**Description of the task**
Beginning with the line containing "Cổng bong bóng", write out each line exactly through the end of the listing, and skip all pictures.

**Recorded data**
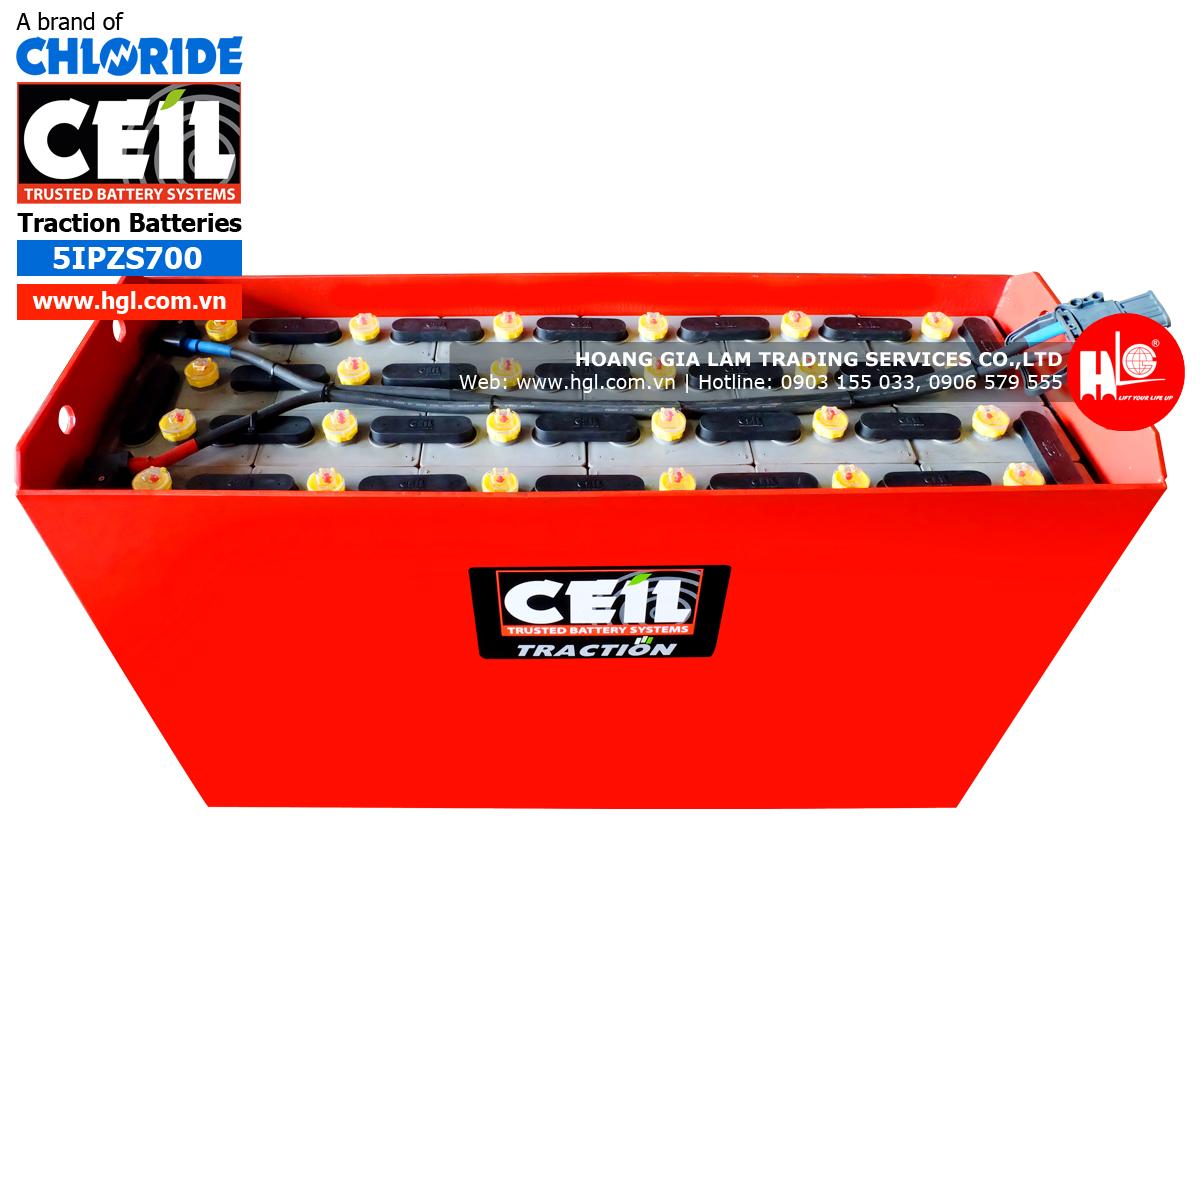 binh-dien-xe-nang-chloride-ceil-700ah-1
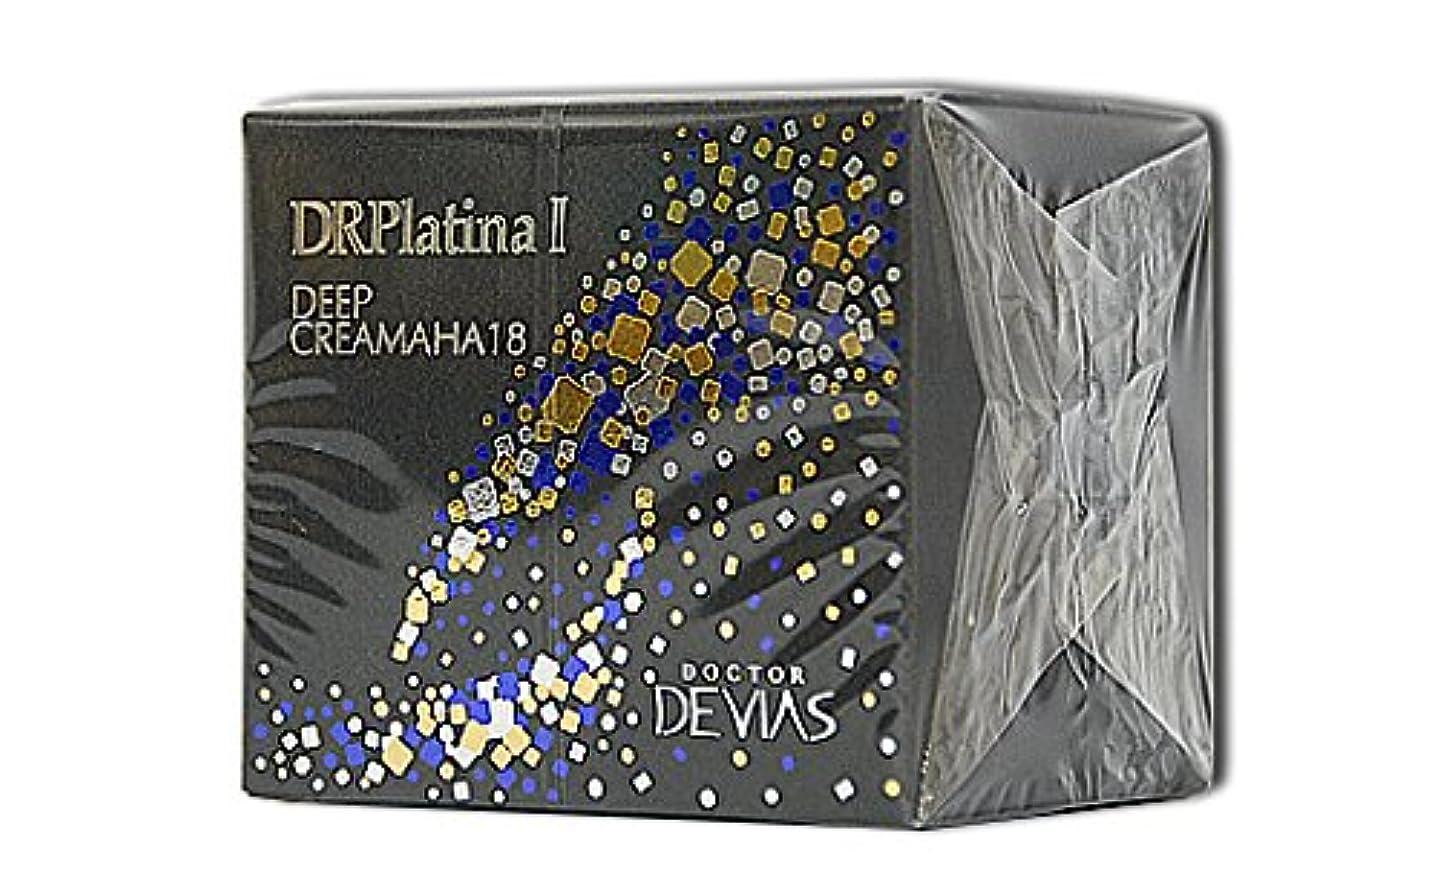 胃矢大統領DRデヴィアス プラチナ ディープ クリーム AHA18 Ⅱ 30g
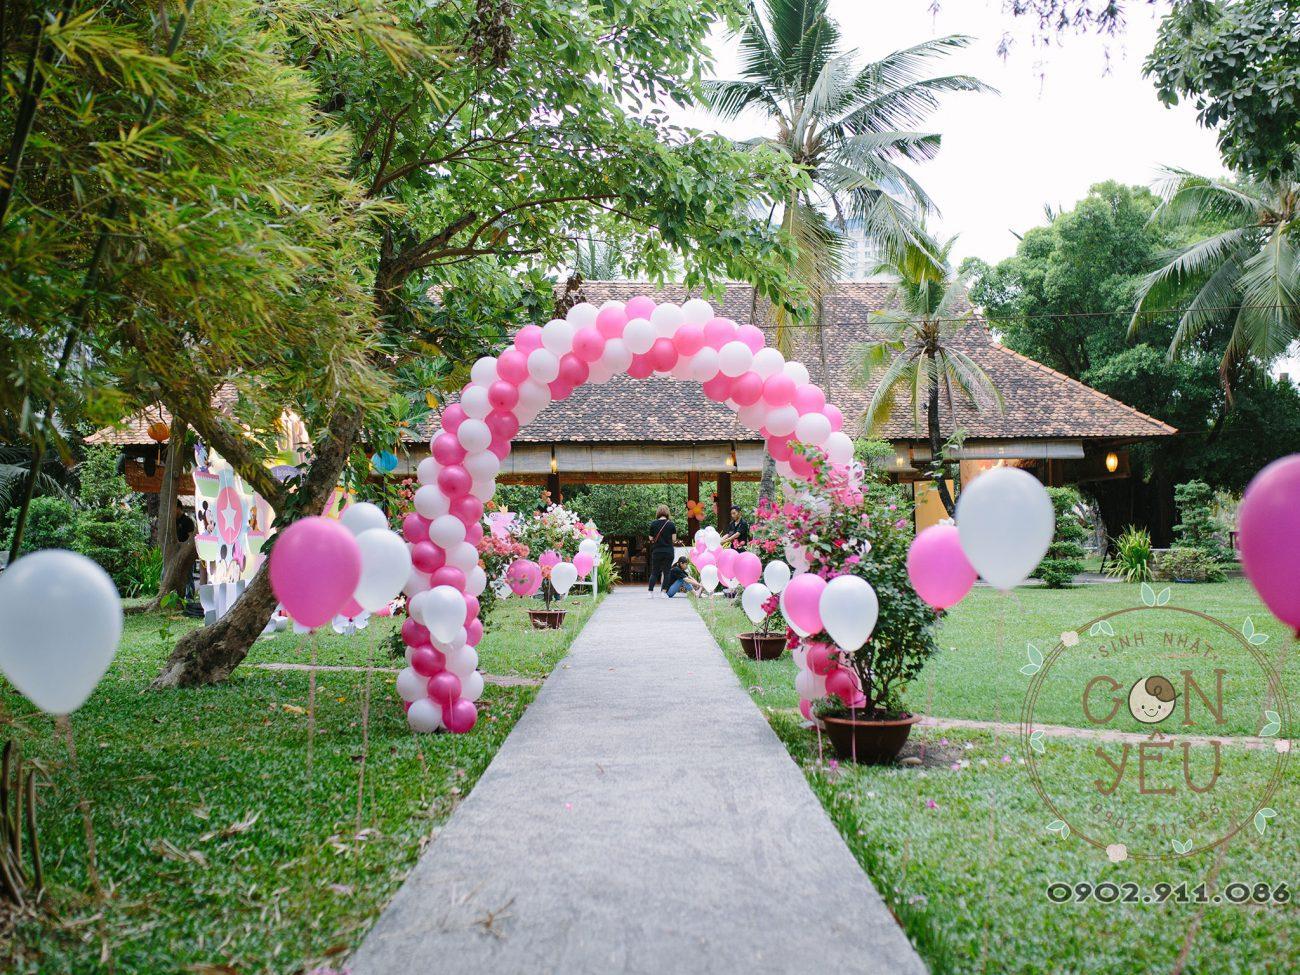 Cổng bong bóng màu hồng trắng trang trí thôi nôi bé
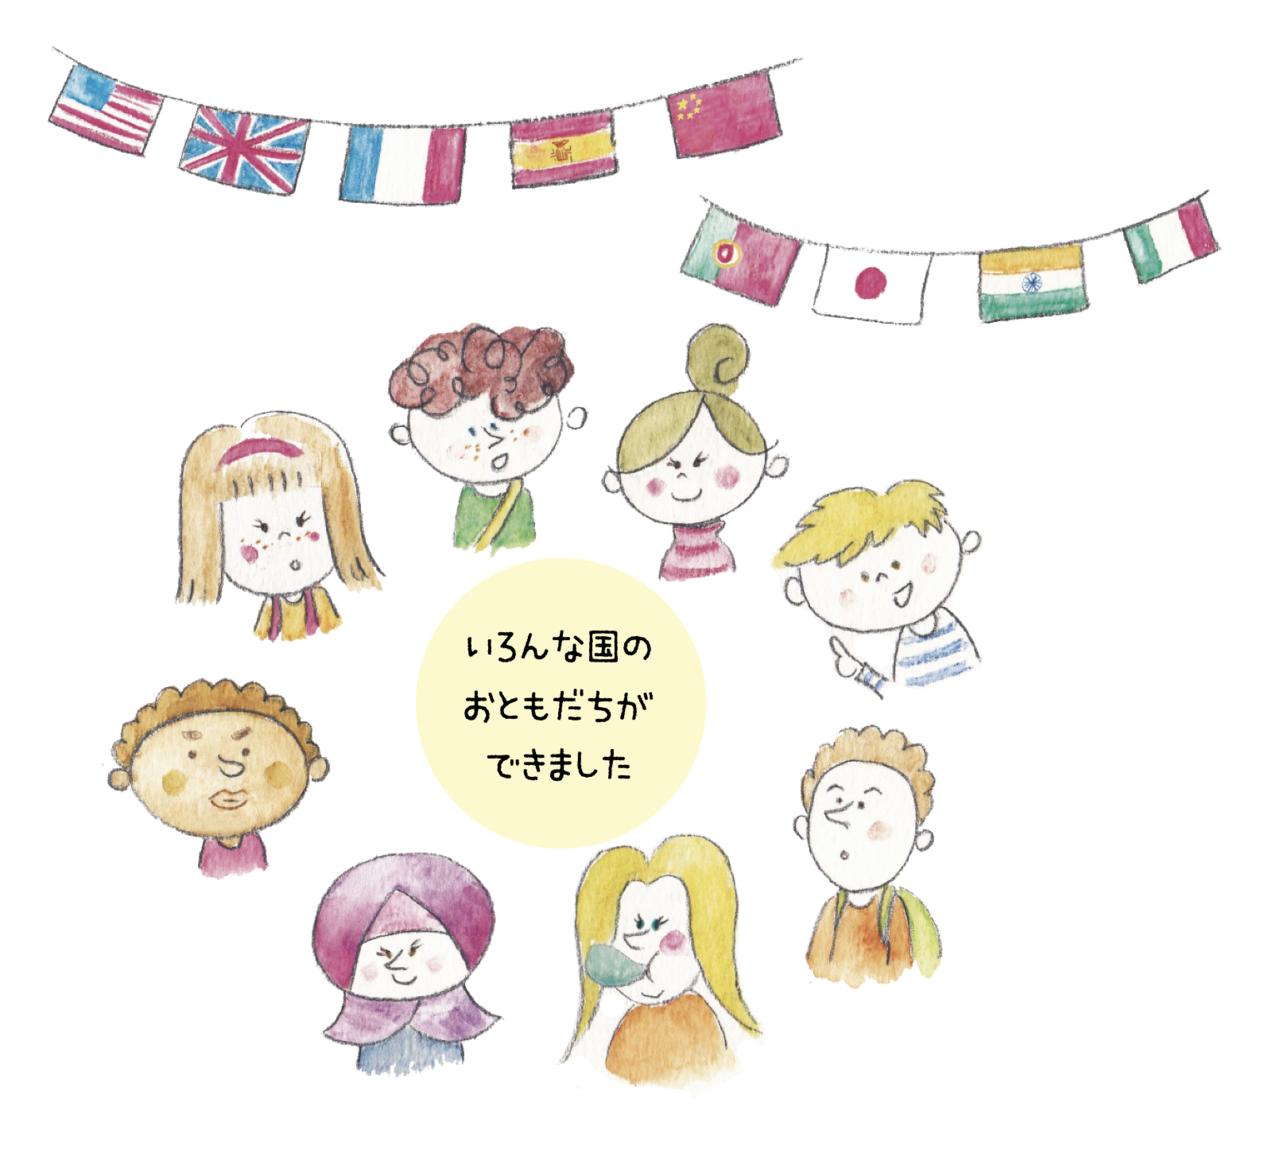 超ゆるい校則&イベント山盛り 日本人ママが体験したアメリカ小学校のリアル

**Exercise result**
 Cổng bong bóng màu hồng trắng trang trí thôi nôi bé
 超ゆるい校則&イベント山盛り 日本人ママが体験したアメリカ小学校のリアル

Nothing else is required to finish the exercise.